Hello readers, for this article I am going to explain my approach to create a forecast system of the French (metropolitan) energy consumption. This kind of problematics is more or less related to part of my job at EDF Energy but this works has been done in my free time to complete my machine engineer nanodegree of Udacity.

In this article, there will be a description of the data used for this project, an explanation of the approach used to make a daily forecast of the consumption and the half hourly version.

# Exploration of the dataset

In this case, the data to create the model are from:

- RTE, the energy network manager in France they have created an open data platform to access different datasets on the network
- The GEOFLA dataset that give you informations on the number of inhabitants in the city and the area
- Weather underground. I have to scrap this data source from the website (I focus my scraping on the weather stations from the airports) and I pick the weather stations that have enough data during the period measured by RTE.I focus my data analytics on the outdoor temperature and the wind speed.

For the weather condition, I choose to create a national weather dataset where basically each region has his weather station associated , these stations are weighted by the number of people that are in this region (this information is coming from the GEOFLA dataset).To make the data analysis, I choose to convert the average power consumed from RTE in energy (in MWh).

In the following figure there is an illustration of the average energy consumed in France for the past years.

This figure illustrates the seasonality in the energy consumption in France.

After that to make the forecast at a daily scale, I have to aggregate the data.
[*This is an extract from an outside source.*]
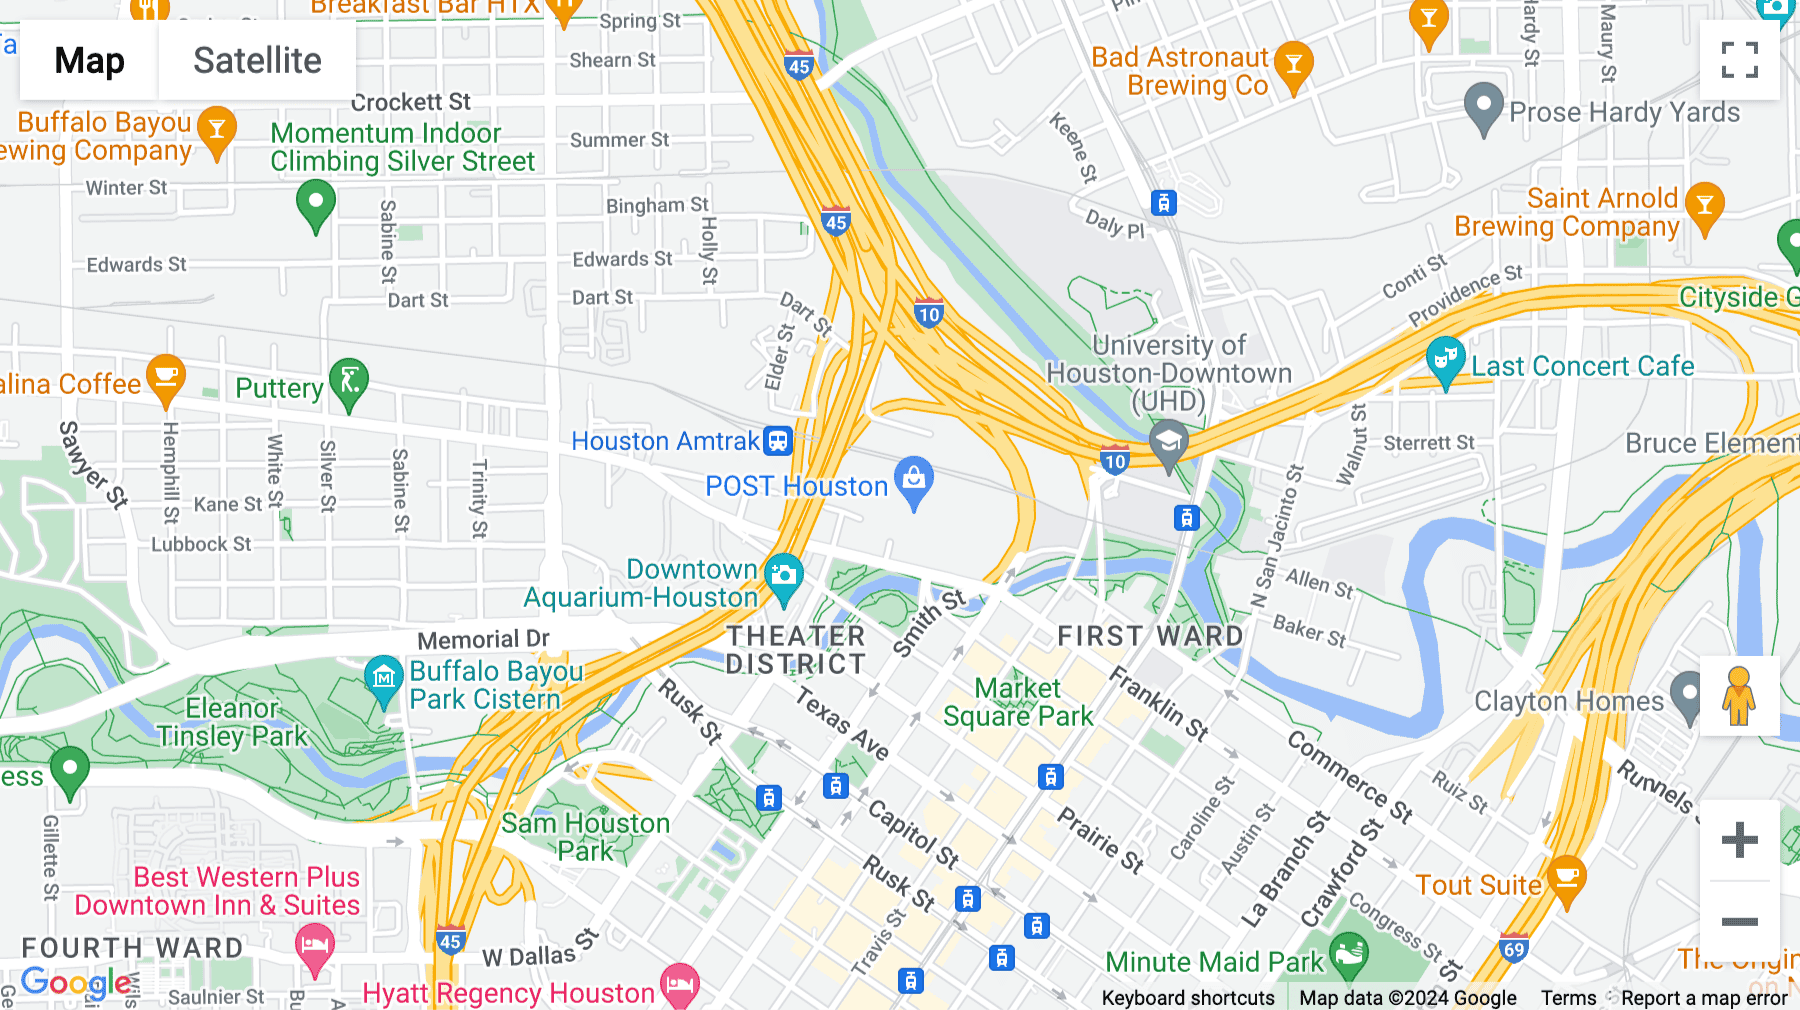 Click for interative map of POST Houston, 401 North Franklin Street, Houston

In the following figures, there is a representation of the daily data aggregated at different scale in a heatmap.

A study of the hourly effect in function of the day of the year

A study of the consumption of the month of the year and the day of the week.

This two figures are perfect to illustrate that the daily consumption is linked to the moment of the year and the day of the week. But this insight are not enough to create a forecast model, a very popular approach that is used to make a forecast of the energy consumption is the study of the daily consumption in function of the average daily outdoor temperature. This technic is called PTG for Power Temperature Gradient and you can find a lot of publications that are based on this approach.
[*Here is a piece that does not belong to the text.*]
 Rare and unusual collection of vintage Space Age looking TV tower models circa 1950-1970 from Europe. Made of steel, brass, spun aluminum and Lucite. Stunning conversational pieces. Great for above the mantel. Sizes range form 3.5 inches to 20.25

In the following figure there is a representation of this model used for the forecast.

The model is a piecewise regression with a winter part represented by the linear regression (that’s included the heating needs and the appliances) and a summer part with the constant part (only the appliances). This model will be the reference model for the next part.

# Daily forecast

To create the model, the dataset will be split between training set and test set, the selection of the samples for the sets will be randomized. That’s representing:

- 2337 samples for the training set
- 585 samples for the test set

This is a regression problem, so the following models from scikit learn are going to be tested:

- Polynomial regressor
- Random forest regressor
- Decision tree regressor
- K-nearest neighbours
- Neural network MLP regressor

This is a personal selection of different models and there is plenty of other models to try but for a start I think that was enough. I have to tune the different models and find the best parameters to used, I used a k-fold approach on the training set (I created ten folds) to test the different parameters. I invited you to check my report to see the choices done on the parameters for the different models.

To test the impact of the input in the models, I tested different inputs:

- only outdoor temperature
- outdoor temperature and wind speed
- outdoor temperature and month of the year and day of the week

To facilitate the usage of the inputs I have to normalise the sets. To assess the accuracy of the model I used the r²score metric that is used for the regression problem. But this metric is not enough to assess the quality of the algorithm, the second metrics that I will use is the time to create the model. In the following table there is the evolution of the r²score in function of the model used.

This table permits to give the following conclusions:

- The PTG is quite a good model, for an only outdoor temperature based model the score is good but the tree based model offers and the neural network offer good results too
- the addition of the wind speed improves the score but the gain is very small
- the addition offer an interesting gain to the score for every model tested

But as I said previously the r²score is not enough, in the following table there is the time to create the model in the case of the addition of the time features to the initial inputs.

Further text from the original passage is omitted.